_PROBLEM TO WORK ON_
What lines of the material below include the string "Cake"? Copy all of them.

_STORED DATA_
= Beginning of Section =
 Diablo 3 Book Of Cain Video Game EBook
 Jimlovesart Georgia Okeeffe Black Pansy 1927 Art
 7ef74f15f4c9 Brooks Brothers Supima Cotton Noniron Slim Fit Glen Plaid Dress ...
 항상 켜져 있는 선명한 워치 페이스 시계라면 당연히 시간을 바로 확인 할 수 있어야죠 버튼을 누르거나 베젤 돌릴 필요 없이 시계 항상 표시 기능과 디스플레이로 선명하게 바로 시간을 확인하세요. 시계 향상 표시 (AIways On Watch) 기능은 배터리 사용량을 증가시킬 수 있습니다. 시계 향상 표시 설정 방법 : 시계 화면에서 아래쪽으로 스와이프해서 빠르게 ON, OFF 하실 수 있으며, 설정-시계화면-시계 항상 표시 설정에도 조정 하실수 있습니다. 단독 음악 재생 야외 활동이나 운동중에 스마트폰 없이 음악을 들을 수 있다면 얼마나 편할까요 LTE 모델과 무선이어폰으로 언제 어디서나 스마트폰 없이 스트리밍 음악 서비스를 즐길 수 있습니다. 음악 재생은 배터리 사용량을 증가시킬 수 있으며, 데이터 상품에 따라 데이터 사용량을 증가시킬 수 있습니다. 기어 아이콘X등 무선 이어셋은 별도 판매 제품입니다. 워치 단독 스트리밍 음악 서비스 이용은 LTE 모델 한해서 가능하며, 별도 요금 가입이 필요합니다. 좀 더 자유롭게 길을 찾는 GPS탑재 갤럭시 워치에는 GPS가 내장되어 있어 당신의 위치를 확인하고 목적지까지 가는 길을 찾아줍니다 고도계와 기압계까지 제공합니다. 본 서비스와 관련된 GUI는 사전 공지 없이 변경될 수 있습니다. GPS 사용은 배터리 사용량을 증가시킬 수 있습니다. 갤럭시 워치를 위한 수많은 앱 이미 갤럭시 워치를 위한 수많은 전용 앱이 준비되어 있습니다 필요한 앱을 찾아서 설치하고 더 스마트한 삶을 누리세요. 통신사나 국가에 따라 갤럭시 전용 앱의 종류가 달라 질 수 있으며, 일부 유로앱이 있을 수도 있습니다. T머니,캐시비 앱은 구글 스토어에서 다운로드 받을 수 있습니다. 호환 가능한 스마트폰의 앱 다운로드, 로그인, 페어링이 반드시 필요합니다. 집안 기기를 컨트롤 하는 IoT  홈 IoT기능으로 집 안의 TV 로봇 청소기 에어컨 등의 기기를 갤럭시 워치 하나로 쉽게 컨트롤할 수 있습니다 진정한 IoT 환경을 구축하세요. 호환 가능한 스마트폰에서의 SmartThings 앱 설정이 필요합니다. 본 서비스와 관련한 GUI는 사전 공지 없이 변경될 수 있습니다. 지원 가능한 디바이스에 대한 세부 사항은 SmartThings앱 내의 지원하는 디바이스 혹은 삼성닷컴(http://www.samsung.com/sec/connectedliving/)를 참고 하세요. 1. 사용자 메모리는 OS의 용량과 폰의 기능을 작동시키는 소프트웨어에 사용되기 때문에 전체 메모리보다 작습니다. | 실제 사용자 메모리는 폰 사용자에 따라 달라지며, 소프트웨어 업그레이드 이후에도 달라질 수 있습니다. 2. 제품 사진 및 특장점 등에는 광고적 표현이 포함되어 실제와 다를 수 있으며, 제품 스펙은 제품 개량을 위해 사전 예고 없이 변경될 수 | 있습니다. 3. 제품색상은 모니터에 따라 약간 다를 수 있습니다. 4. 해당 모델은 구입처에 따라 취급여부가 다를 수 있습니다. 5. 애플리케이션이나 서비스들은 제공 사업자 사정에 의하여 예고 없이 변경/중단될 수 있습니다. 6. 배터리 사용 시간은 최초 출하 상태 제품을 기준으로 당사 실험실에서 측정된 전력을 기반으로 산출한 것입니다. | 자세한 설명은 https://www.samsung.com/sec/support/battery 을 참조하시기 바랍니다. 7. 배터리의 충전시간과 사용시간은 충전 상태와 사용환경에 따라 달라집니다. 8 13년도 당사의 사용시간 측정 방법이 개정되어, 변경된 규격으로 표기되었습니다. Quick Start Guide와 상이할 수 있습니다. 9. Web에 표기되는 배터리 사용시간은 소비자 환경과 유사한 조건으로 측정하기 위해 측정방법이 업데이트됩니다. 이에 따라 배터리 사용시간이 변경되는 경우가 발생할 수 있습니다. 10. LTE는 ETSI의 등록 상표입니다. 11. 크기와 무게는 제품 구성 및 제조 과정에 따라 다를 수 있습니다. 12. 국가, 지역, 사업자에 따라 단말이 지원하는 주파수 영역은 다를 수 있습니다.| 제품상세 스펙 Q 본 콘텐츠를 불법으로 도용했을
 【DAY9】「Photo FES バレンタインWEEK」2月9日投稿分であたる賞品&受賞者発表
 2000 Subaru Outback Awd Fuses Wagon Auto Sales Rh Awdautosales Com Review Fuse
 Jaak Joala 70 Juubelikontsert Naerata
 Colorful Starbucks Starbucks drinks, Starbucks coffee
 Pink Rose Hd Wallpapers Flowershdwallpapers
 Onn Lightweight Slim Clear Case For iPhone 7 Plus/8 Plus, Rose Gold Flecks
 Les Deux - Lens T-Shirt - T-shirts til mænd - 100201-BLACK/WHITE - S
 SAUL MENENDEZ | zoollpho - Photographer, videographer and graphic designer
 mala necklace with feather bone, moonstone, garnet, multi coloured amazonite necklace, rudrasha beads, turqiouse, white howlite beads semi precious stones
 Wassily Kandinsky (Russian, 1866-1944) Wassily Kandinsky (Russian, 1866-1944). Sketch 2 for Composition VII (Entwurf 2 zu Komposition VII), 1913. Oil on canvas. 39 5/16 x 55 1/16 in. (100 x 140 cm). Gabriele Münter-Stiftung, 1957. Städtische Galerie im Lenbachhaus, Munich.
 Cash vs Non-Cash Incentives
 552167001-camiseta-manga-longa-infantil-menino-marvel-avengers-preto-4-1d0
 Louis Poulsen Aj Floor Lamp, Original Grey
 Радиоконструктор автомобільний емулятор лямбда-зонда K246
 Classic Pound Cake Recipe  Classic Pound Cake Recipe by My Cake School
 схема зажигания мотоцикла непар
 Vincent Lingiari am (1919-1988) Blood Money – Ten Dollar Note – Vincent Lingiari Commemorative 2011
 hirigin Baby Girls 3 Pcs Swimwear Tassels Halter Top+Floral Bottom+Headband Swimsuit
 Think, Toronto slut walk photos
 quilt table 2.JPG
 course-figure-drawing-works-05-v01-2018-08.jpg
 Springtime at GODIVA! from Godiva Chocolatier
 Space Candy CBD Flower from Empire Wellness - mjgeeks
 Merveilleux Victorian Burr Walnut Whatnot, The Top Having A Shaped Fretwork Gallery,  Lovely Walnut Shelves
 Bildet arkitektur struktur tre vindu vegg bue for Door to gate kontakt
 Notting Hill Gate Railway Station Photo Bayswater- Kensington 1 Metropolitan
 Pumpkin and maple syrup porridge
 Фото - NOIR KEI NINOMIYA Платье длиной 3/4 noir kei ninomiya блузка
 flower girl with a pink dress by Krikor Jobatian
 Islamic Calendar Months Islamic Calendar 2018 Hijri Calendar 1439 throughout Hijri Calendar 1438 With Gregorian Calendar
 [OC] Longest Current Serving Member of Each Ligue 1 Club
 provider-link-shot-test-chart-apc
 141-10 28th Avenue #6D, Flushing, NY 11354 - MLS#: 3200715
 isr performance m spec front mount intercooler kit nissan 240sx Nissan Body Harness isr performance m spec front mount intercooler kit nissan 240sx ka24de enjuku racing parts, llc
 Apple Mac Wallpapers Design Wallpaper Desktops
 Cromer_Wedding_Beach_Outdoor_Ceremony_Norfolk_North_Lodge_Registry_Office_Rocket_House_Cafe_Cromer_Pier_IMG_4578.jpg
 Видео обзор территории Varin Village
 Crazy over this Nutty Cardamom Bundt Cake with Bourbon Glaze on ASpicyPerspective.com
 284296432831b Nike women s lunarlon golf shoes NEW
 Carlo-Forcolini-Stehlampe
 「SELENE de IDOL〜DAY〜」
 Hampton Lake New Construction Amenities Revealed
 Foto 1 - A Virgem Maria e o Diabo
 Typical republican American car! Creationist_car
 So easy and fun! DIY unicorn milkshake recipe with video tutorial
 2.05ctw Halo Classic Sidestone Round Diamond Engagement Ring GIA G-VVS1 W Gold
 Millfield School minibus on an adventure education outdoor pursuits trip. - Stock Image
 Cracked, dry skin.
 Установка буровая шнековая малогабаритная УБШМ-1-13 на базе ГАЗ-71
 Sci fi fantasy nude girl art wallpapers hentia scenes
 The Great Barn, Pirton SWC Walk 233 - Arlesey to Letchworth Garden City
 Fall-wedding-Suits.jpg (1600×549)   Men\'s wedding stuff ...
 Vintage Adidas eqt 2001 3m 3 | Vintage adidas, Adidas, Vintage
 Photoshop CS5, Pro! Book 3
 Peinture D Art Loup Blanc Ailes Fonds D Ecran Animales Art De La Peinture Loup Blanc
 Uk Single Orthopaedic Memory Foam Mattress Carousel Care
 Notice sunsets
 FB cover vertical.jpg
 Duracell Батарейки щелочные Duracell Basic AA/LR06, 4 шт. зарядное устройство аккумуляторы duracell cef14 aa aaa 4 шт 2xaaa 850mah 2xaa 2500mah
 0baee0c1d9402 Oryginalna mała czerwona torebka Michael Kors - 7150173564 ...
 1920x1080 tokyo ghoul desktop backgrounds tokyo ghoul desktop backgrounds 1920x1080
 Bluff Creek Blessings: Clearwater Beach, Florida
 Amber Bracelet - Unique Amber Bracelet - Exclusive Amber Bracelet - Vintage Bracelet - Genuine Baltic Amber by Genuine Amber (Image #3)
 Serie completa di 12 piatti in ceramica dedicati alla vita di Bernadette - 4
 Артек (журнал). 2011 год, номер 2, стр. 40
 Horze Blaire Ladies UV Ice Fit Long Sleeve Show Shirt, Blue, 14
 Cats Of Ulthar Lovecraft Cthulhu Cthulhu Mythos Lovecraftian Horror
= End of Section =
_PROBLEM SOLUTION_
 Classic Pound Cake Recipe  Classic Pound Cake Recipe by My Cake School
 Crazy over this Nutty Cardamom Bundt Cake with Bourbon Glaze on ASpicyPerspective.com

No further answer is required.